[Records provided]
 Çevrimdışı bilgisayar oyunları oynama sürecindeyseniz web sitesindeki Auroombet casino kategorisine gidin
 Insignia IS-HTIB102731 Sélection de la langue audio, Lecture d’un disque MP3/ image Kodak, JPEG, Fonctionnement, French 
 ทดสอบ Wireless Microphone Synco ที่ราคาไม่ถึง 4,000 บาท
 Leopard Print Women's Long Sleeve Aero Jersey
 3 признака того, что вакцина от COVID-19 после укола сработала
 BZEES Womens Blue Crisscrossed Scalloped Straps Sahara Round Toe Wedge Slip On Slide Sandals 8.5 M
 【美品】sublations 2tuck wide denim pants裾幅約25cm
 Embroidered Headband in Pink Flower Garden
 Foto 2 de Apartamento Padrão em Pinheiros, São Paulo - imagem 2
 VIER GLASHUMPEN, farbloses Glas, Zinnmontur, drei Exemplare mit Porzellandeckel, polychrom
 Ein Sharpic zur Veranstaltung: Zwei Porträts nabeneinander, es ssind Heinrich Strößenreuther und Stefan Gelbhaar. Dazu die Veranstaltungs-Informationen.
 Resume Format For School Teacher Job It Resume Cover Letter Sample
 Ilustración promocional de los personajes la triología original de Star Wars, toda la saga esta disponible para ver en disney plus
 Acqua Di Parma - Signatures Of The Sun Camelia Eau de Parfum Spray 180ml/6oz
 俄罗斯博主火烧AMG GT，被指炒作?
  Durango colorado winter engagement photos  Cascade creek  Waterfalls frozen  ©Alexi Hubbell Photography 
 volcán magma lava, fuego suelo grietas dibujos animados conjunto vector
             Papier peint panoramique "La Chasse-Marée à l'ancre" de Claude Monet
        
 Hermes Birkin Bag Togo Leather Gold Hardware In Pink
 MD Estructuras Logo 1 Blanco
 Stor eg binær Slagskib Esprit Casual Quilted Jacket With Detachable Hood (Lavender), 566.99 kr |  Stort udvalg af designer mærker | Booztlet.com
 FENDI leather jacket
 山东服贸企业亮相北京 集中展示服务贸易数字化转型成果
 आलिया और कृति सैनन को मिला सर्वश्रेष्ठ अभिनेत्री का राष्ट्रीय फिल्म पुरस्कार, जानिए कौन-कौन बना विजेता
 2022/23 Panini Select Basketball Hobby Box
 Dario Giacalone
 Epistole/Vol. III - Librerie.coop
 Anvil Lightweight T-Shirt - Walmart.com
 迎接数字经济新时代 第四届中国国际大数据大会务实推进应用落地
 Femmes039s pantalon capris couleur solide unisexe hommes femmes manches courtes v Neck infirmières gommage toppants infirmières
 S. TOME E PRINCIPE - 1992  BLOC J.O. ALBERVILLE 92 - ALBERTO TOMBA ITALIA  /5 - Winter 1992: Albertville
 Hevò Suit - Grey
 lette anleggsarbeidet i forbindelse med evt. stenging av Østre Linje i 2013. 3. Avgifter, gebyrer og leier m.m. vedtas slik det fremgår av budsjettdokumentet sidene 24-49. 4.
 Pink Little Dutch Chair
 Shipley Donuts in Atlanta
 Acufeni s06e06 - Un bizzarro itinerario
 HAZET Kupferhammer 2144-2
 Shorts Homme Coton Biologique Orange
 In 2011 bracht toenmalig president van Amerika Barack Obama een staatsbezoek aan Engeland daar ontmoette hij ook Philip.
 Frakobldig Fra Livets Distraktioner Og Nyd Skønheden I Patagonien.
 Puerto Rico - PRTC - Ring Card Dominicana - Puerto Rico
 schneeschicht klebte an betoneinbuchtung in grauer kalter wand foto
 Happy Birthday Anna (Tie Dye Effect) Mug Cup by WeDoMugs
[/Records provided]
| Assignment |
Each line from the one that contains "schneeschicht klebte an" through the last line of the listing above should be written out exactly, and no other line.

| Result |
 schneeschicht klebte an betoneinbuchtung in grauer kalter wand foto
 Happy Birthday Anna (Tie Dye Effect) Mug Cup by WeDoMugs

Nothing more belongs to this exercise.